Exercise description
Copy out the data word for word, without any of its pictures.

[Information provided]

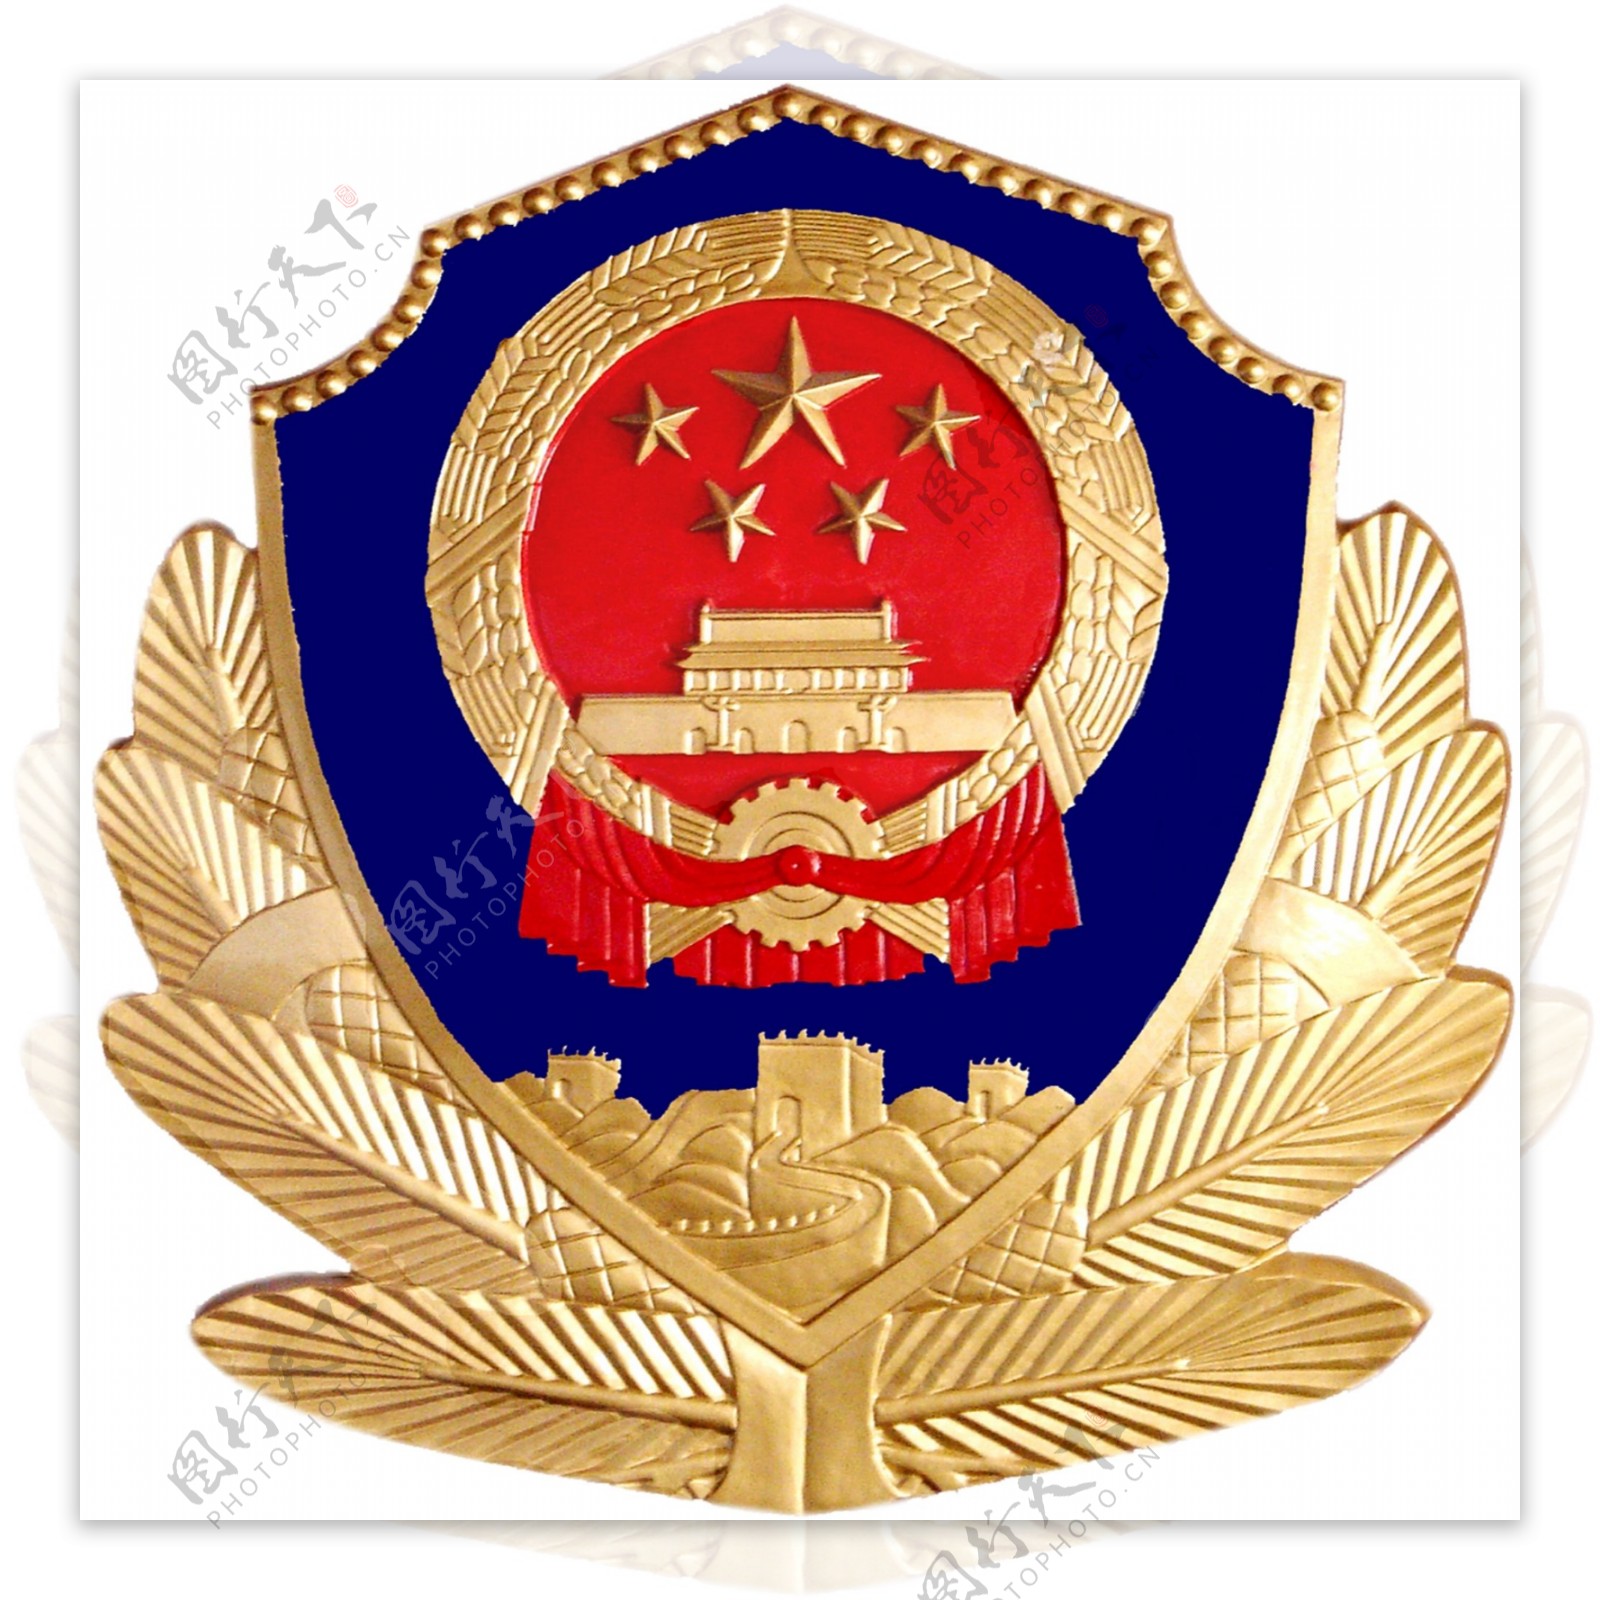 警徽公安标志图片
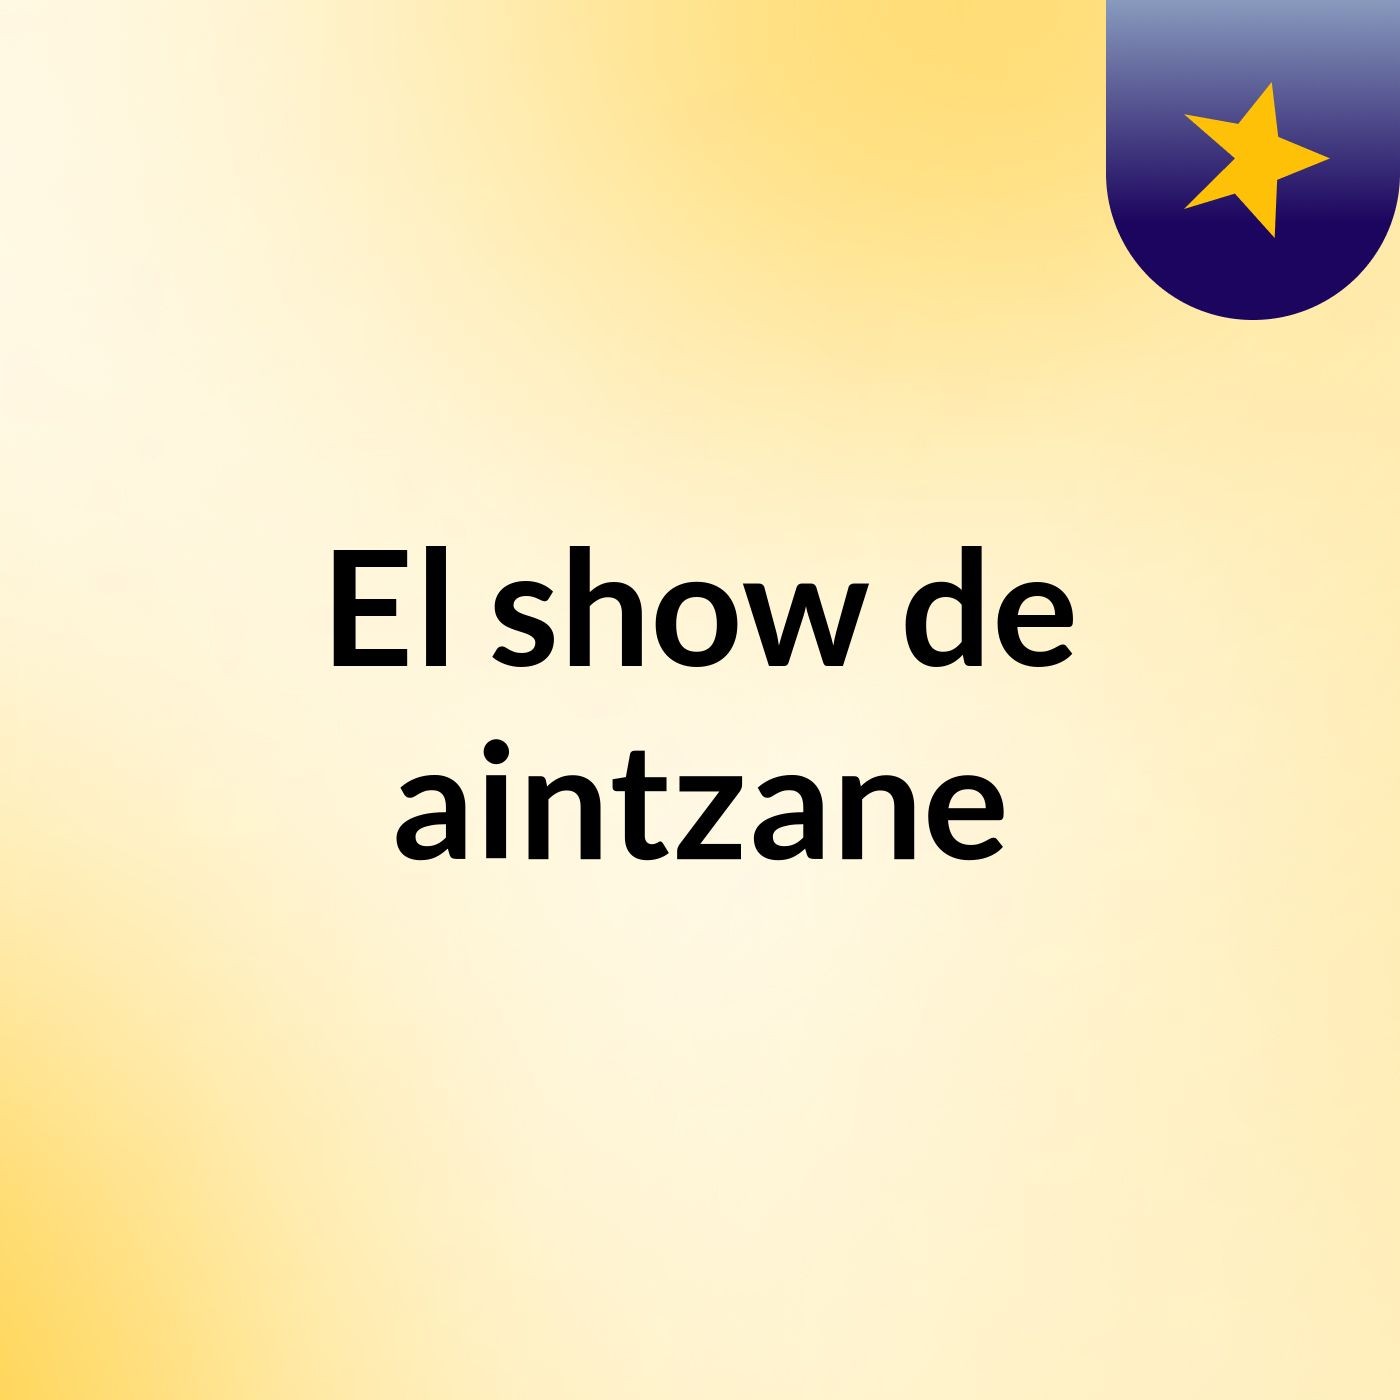 El show de aintzane
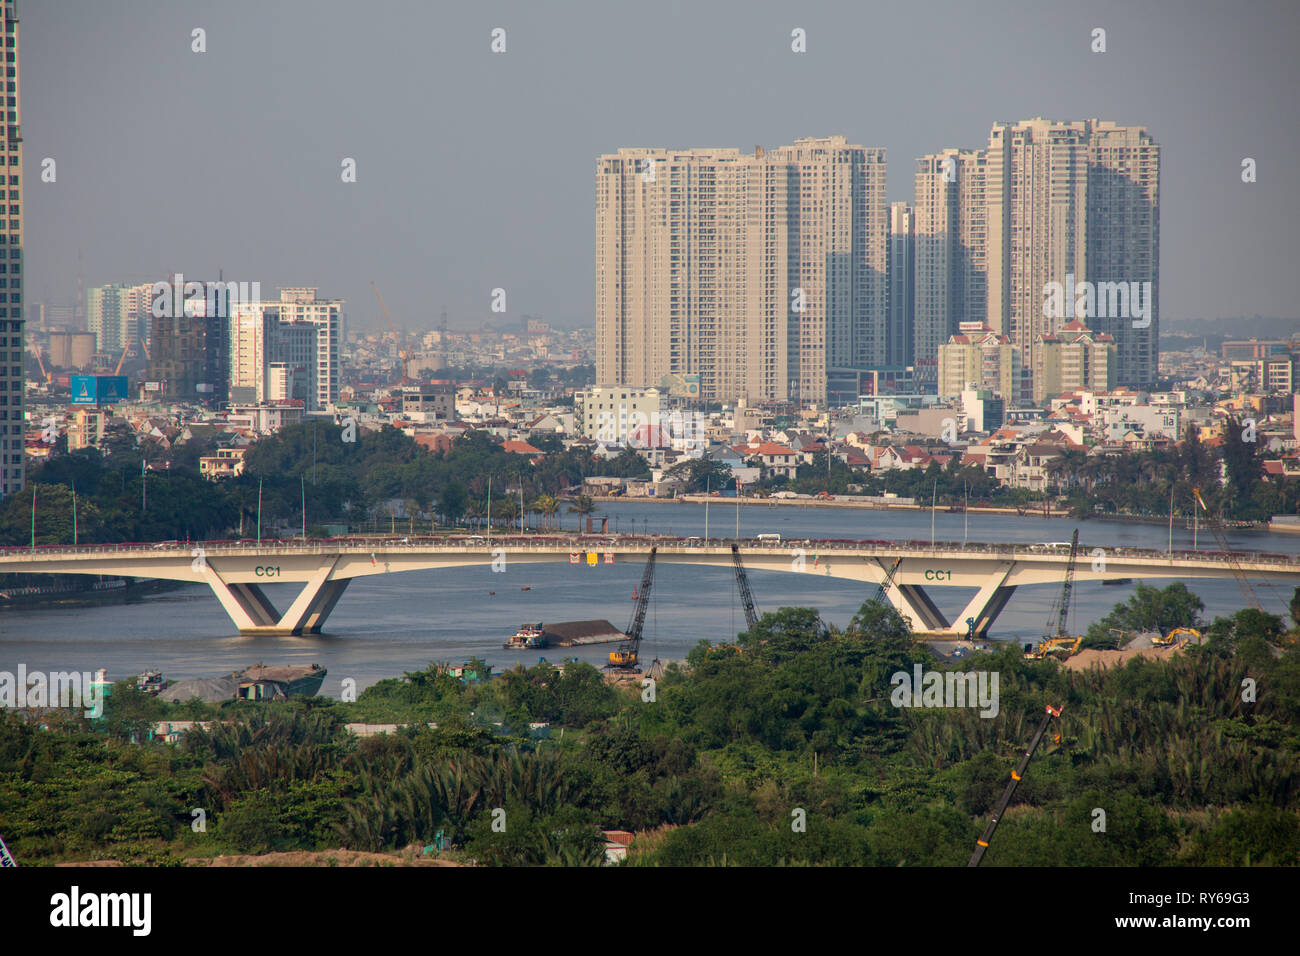 Rivière Saigon, Ho Chi Minh City, Vietnam, dimanche 12 mars 2019. Jour ensoleillé chaud avec des maximums de 34 degrés le long de la rivière. Ho Chi Minh est la plus grande ville au Vietnam avec 9 millions de résidents. Credit : WansfordPhoto/Alamy Live News Banque D'Images

[/Information provided]

The completed task
 警徽公安标志图片
 El show de aintzane
 Rivière Saigon, Ho Chi Minh City, Vietnam, dimanche 12 mars 2019. Jour ensoleillé chaud avec des maximums de 34 degrés le long de la rivière. Ho Chi Minh est la plus grande ville au Vietnam avec 9 millions de résidents. Credit : WansfordPhoto/Alamy Live News Banque D'Images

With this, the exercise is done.